Task to carry out: Look through the records below and copy each line that includes the word "Image".

== Data supplied ==

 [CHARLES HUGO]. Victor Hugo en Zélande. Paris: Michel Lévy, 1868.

===
== Data supplied ==

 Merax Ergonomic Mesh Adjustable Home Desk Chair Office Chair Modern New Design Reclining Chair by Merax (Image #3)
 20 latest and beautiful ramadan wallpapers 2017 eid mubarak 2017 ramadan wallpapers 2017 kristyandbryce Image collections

===
== Data supplied ==

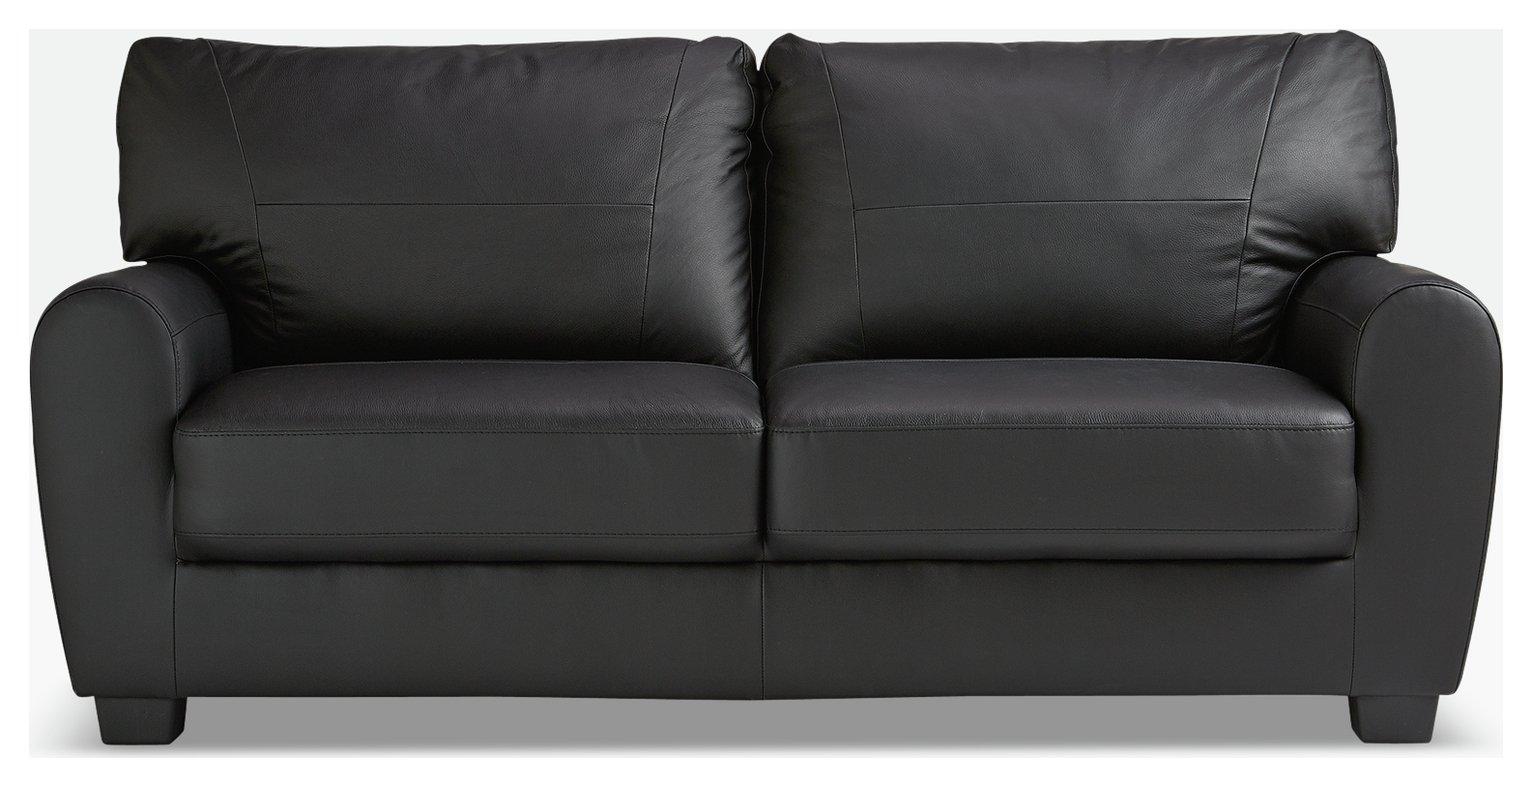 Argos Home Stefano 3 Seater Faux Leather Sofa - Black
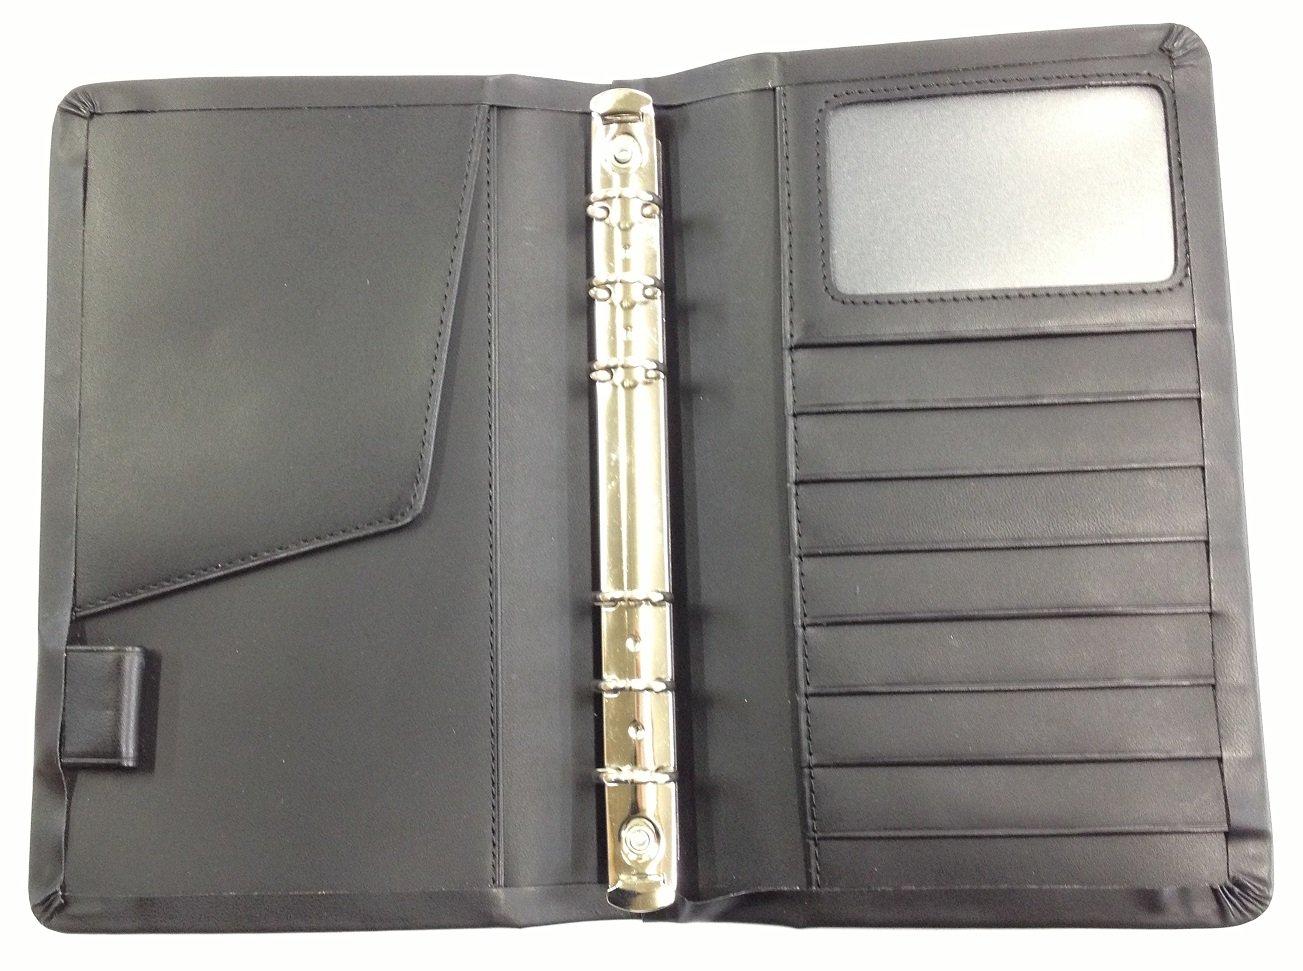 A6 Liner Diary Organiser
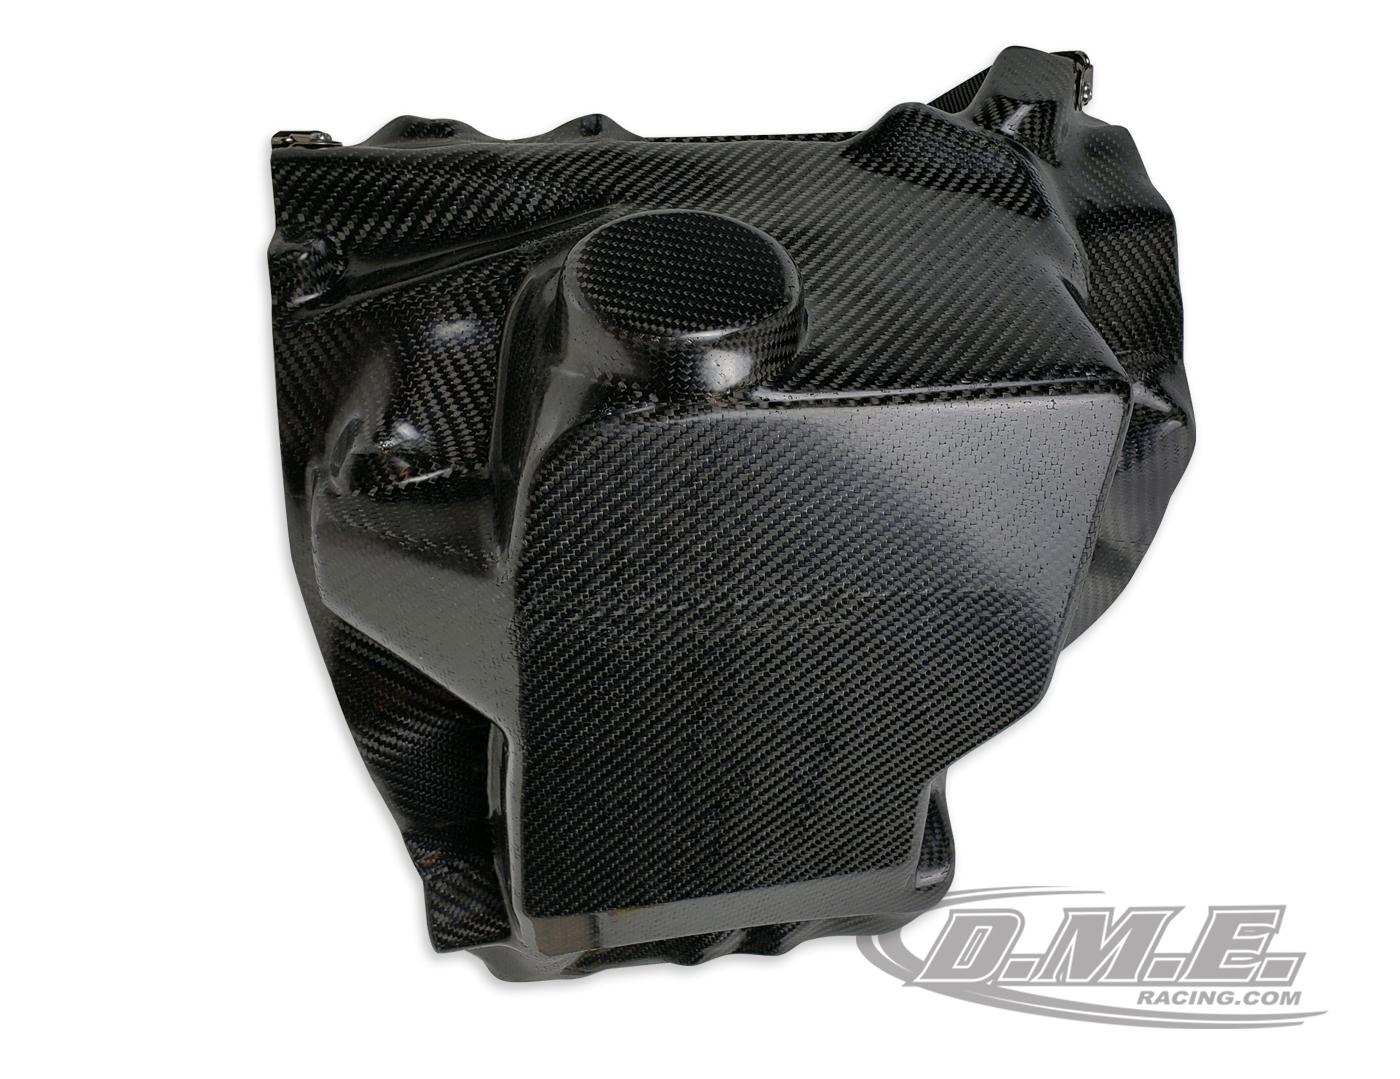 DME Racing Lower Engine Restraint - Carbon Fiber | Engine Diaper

===

Result of the task:
 Merax Ergonomic Mesh Adjustable Home Desk Chair Office Chair Modern New Design Reclining Chair by Merax (Image #3)
 20 latest and beautiful ramadan wallpapers 2017 eid mubarak 2017 ramadan wallpapers 2017 kristyandbryce Image collections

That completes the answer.